Here are the instructions. Be sure to follow them exactly, or they might find you. Then we’ll have a real problem on our hands. -C

  1. Drive to the Costco in █████. Bring a photograph of your husband and something that is likely to have his DNA on it (like a toothbrush.)

  2. Go to the refrigerated produce room in the back. You will see a red-haired woman standing there, pretending to sort through the lettuce. She will be wearing a red vest and a Costco badge – but don’t be fooled. She is not an employee.

  3. Go up to her and ask: “Do you have organic blueberries? My son’s allergic to the other kind.”

  4. As long as the produce section is empty, she will smile and lead you over to the blueberries. As she picks up a box and hands it to you, she will purposefully drop it. “Oh no!” She’ll pretend it’s an accident. Play along.

  5. Such a mess. Blueberries all over the floor. She’ll say: “I’ll stand out there and make sure no one comes in while we wait for the janitor.”

  6. No janitor is coming, of course.

  7. She will stand guard outside the produce room. Go to the right wall, where the crate of mushrooms is. Push it back towards the wall – it will roll into a small alcove. Beneath it, you will see a rectangular hole cut into the floor, and a ladder leading down.

  8. Climb down.

My eyes flicked to the bottom, where he had scrawled in red marker: WARNING! READ BEFORE PROCEEDING!
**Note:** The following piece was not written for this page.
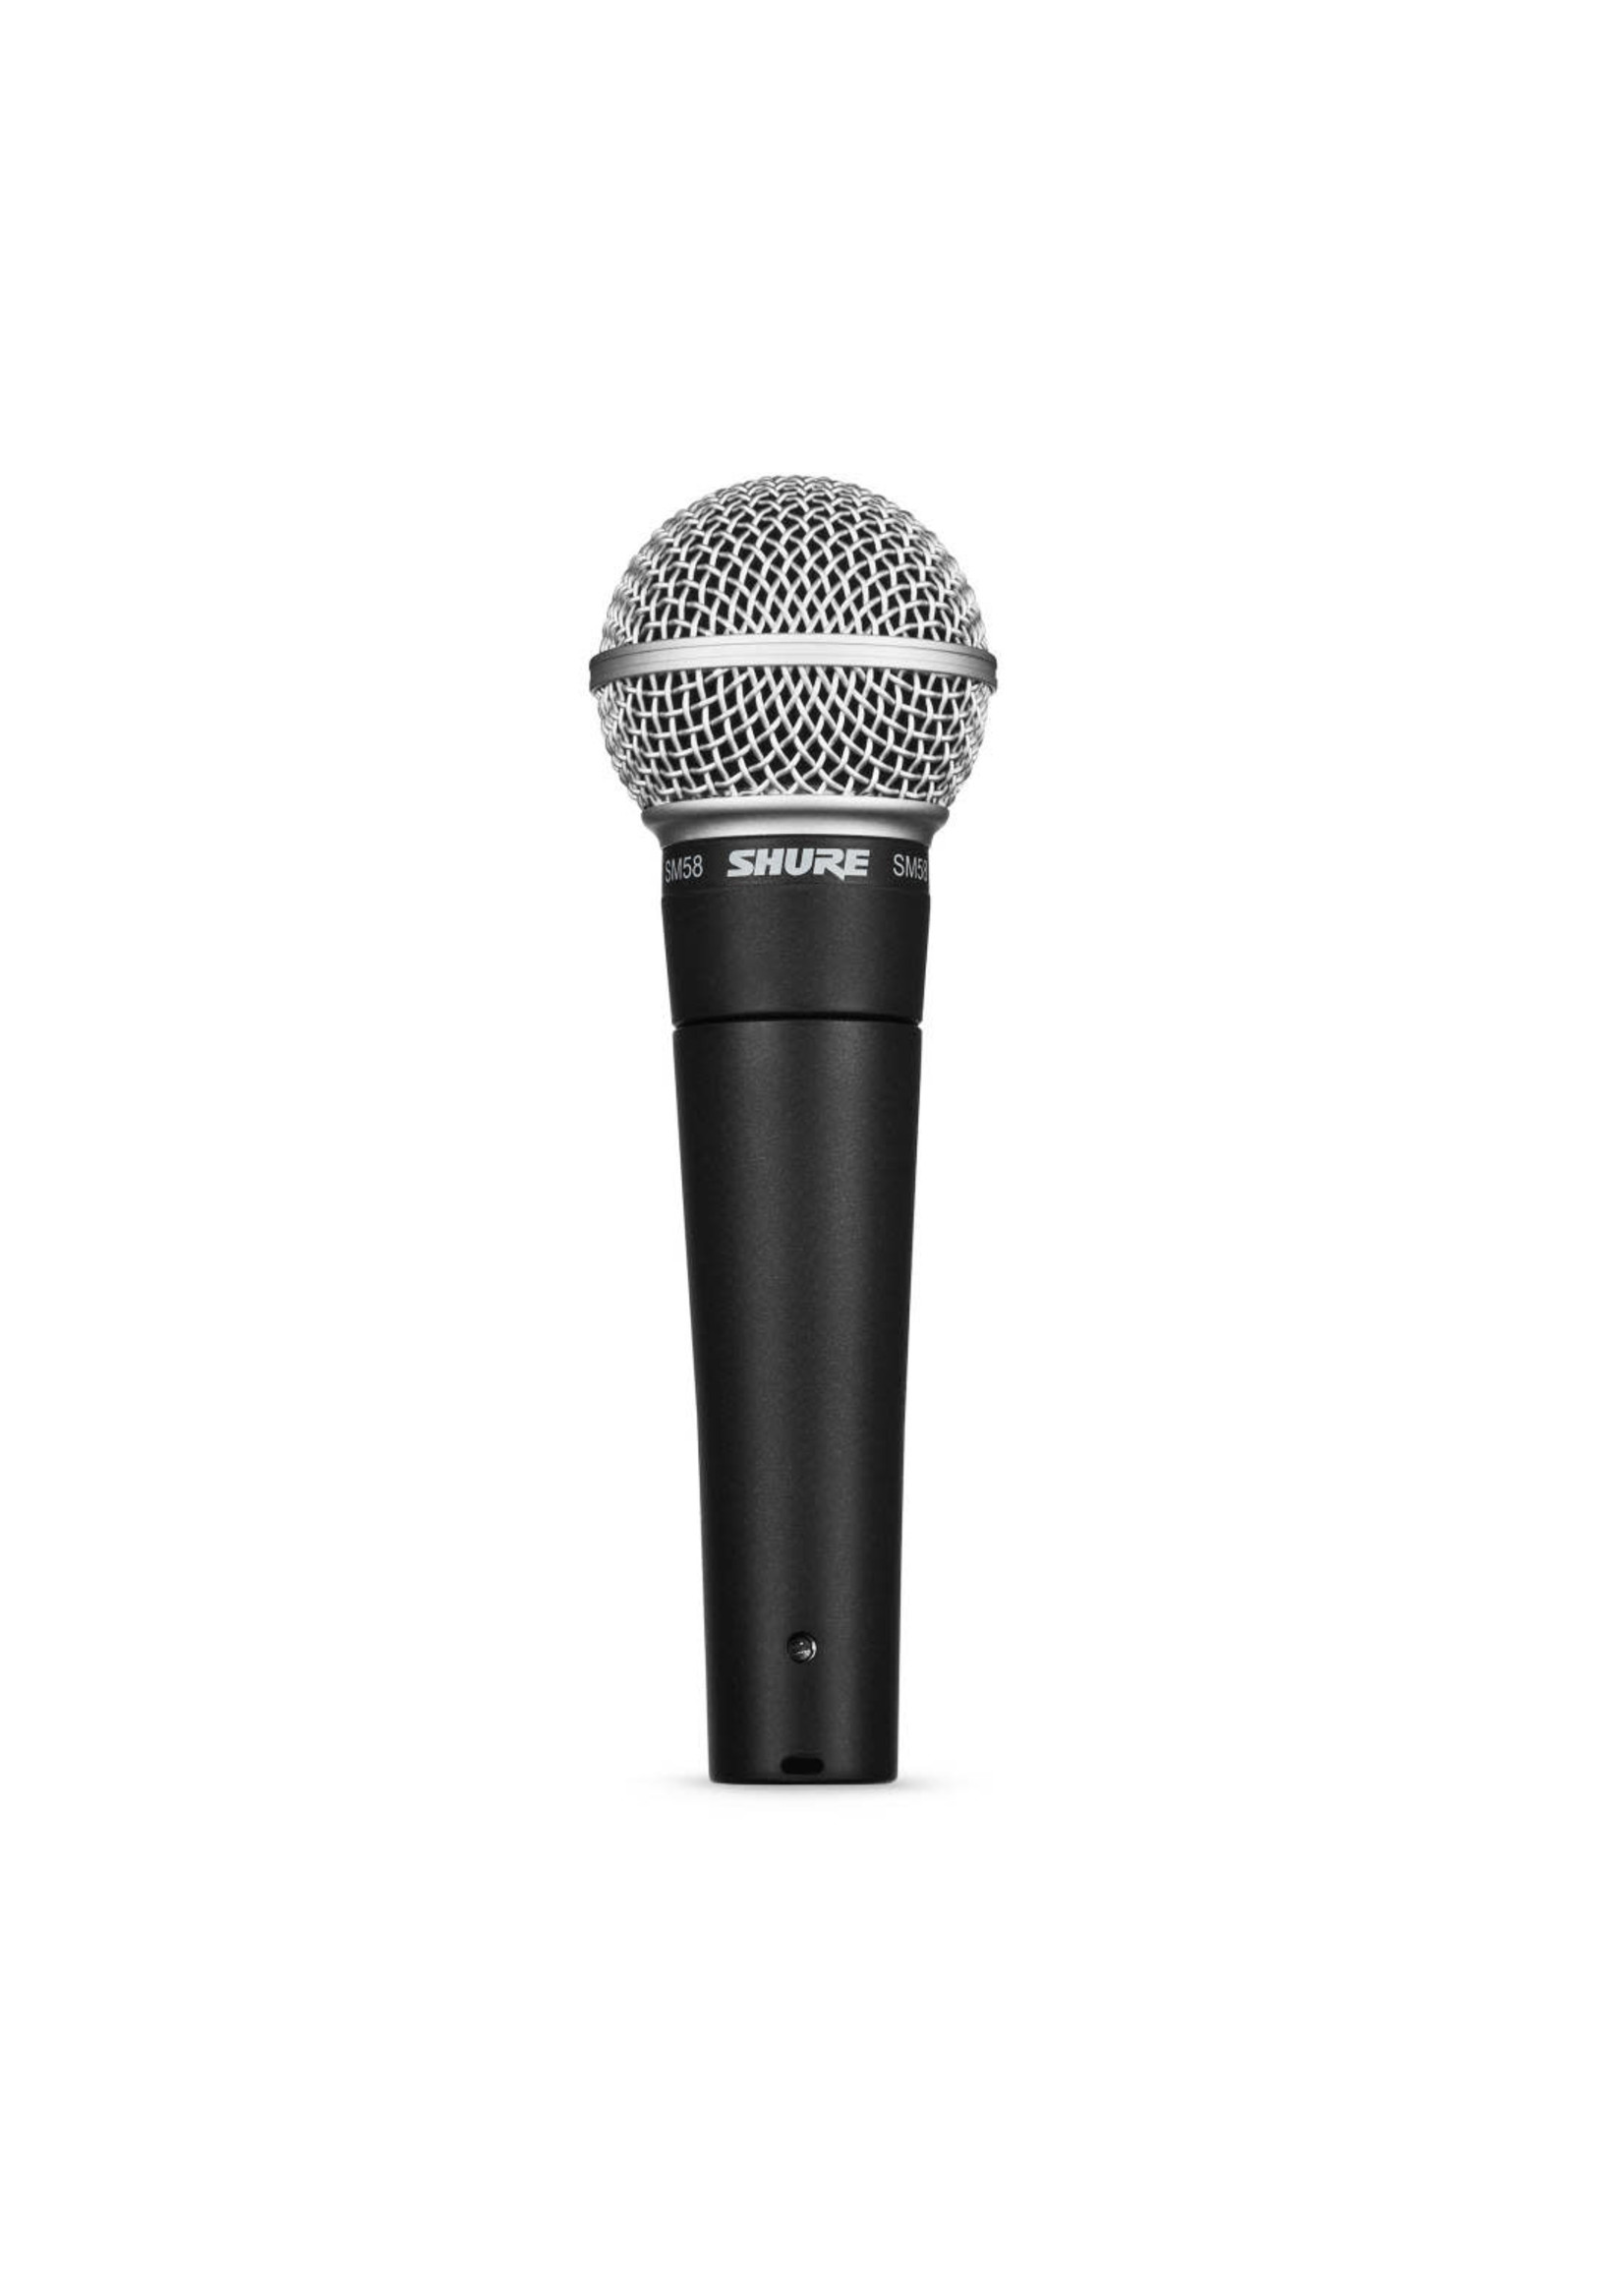 Shure Shure SM58 Unidirectional/Cardioid Dynamic Microphone

  1. Don’t just make a beeline for the produce section. They’ll know what you’re doing. Get a cart, fill it with some junk. You should blend in with the other shoppers as much as possible. For that same reason, don’t wear bright colors or heavy makeup.

  2. If a short woman with an infant strapped to her chest asks you for help, kindly refuse. She is one of them. If you look closely, you will notice that the infant pressed face-first into her chest is a doll.

  3. Don’t talk to the man at the front of the store advertising flooring. (He’s not one of them; he’s just rude.)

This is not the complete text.